4. Voer het inbrengen van de whisker pad stimulatie sonde uit. Plaats een set van op maat gemaakte bipolaire elektroden (8 mm lengte en 0,25 mm dikte) in de linker kant van het gezicht om de Ramus infraorbitalis van de trigeminuszenuw contralateraal aan de craniotomie te stimuleren. Plaats de kathode dicht bij de hiatus infraorbitalis, en steek de anode in de kauw stelsel spieren⁷. Voer de stimulatie uit met een elektrische stimulator met een intensiteit van 1,5 mA voor 1 MS in treinen van 20 sec. bij 2 Hz.
5. Dien na voltooiing van de operatie een bolus van 0,05 mL fluoresceïne isothiocyanaat-dextran (FITC-dextran, 4% m/v, molecuulgewicht [MW] 50.000) in de dijader in om het bloed plasma te labelen. Stop met ketamine en schakel de anesthesie naar continue intraveneuze infusie van α-chloralose (17% w/v, eindconcentratie) vermengd met FITC-dextran (2% w/v, eindconcentratie) bij 0,02 mL/10 g/h. wacht ongeveer een half uur voor stabilisatie van de nieuwe anesthetische toestand.
   Opmerking: zowel FITC-dextran als α-chloralose worden opgelost in 0,9% zoutoplossing.

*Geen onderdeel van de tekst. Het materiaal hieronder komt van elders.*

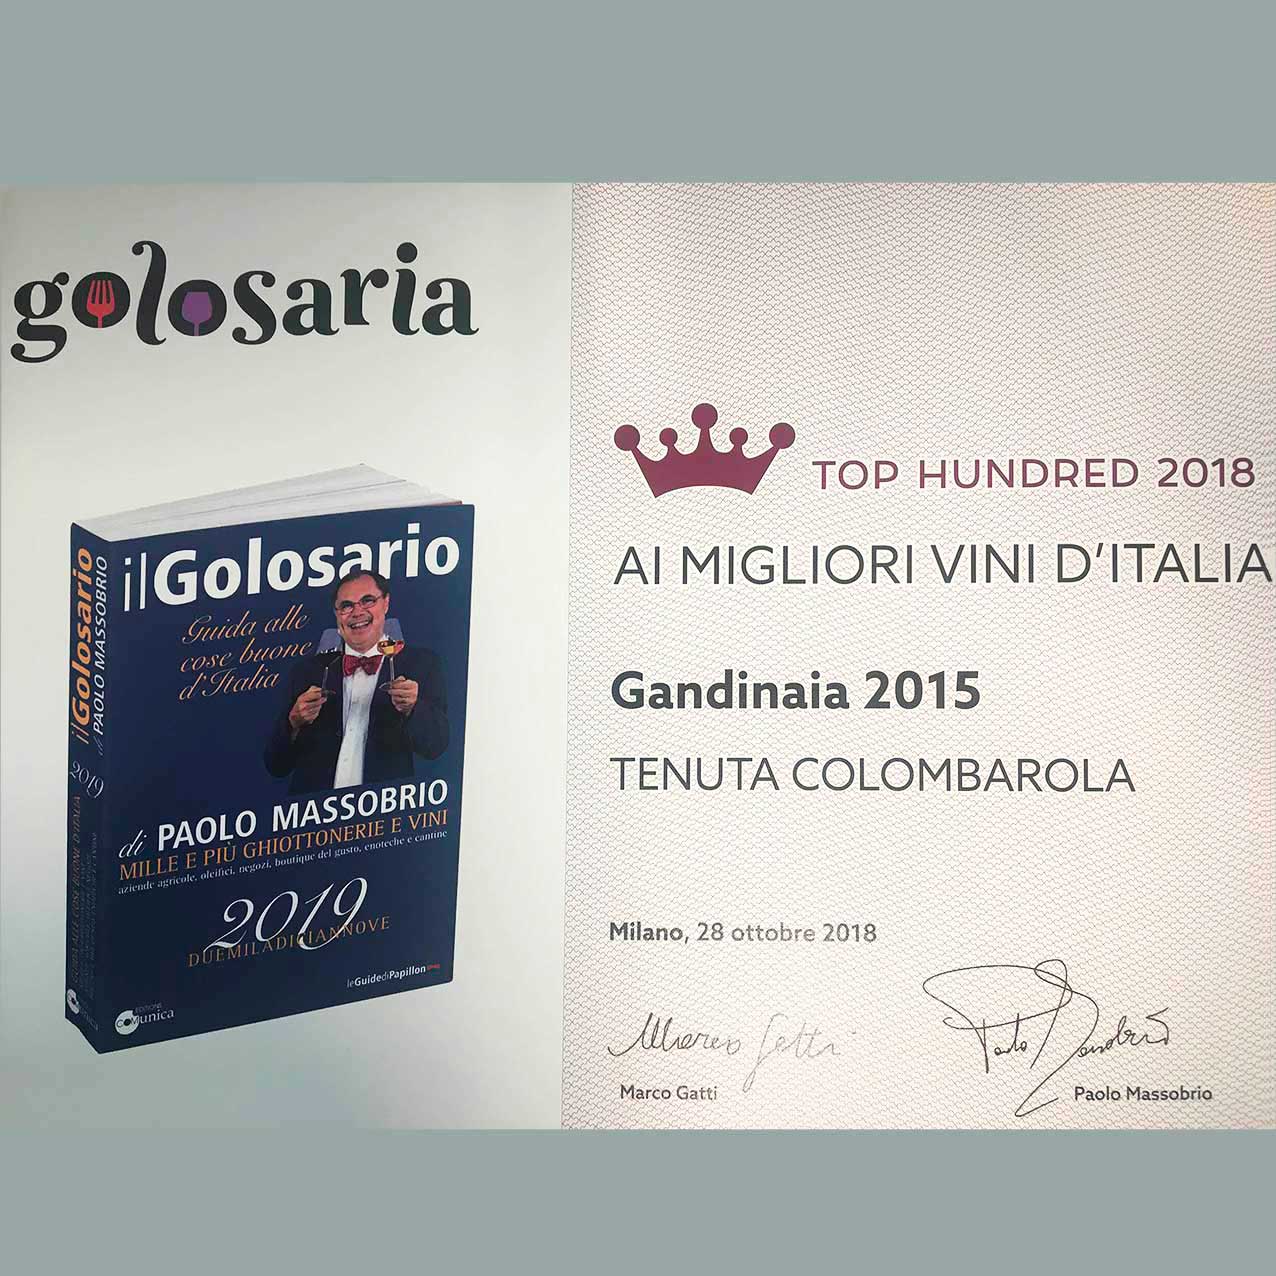 Premio Golosaria conferito nel 2018 a Milano al vino Rosso Gandinaia dell'annata 2015.

3. eerste twee-Photon Imaging Session

1. Breng de muis over naar het podium van een commerciële twee-photon-Microscoop (tabel met materialen). Onder zowel rode fluorescerende eiwitten (RFP, Figuur 1c) en groen fluorescerende eiwitten (GFP, Figuur 1c) modi van epi-fluorescerende verlichting, neem een foto van de blootgestelde cortex met een 5x doelstelling. Gebruik de RFP-foto als een ' map ' voor het inbrengen van de glazen micro pipet in de volgende sessie.
   Opmerking: de GFP ' kaart ' wordt gebruikt om aderen/venules van slagaders/arteriolen te onderscheiden.
2. Voer Two-photon Imaging uit met behulp van de Two-photon Microscoop en een 25x 1,0 numerieke diafragma (NA) water-immersie doelstelling met piëzo-motor. Stel de golflengte van de excitatie in op 900 nm. Zoek de cortex en volg elke penetrerende Arteriole en vind de horizontale takken (1^St orde capillairen).
3. Beeld penetrerende arteriolen en hun 1^St orde capillairen in rust en tijdens de whisker pad stimulatie. Zie de gedetailleerde beeldvormings parameters in sectie 5.
4. Markeer locaties van 1^St orde capillairen met > 5% vasodilatatie tijdens de whisker pad stimulatie op de RFP ' map ' (Figuur 1C). Locaties met < 5% vasodilatatie worden beschouwd als buiten de whisker Barrel cortex regio.
   Opmerking: bij gebruik van wild-type muizen in plaats van NG2DsRed muizen in het experiment, wordt de GFP-afbeelding in plaats daarvan gebruikt als ' map '.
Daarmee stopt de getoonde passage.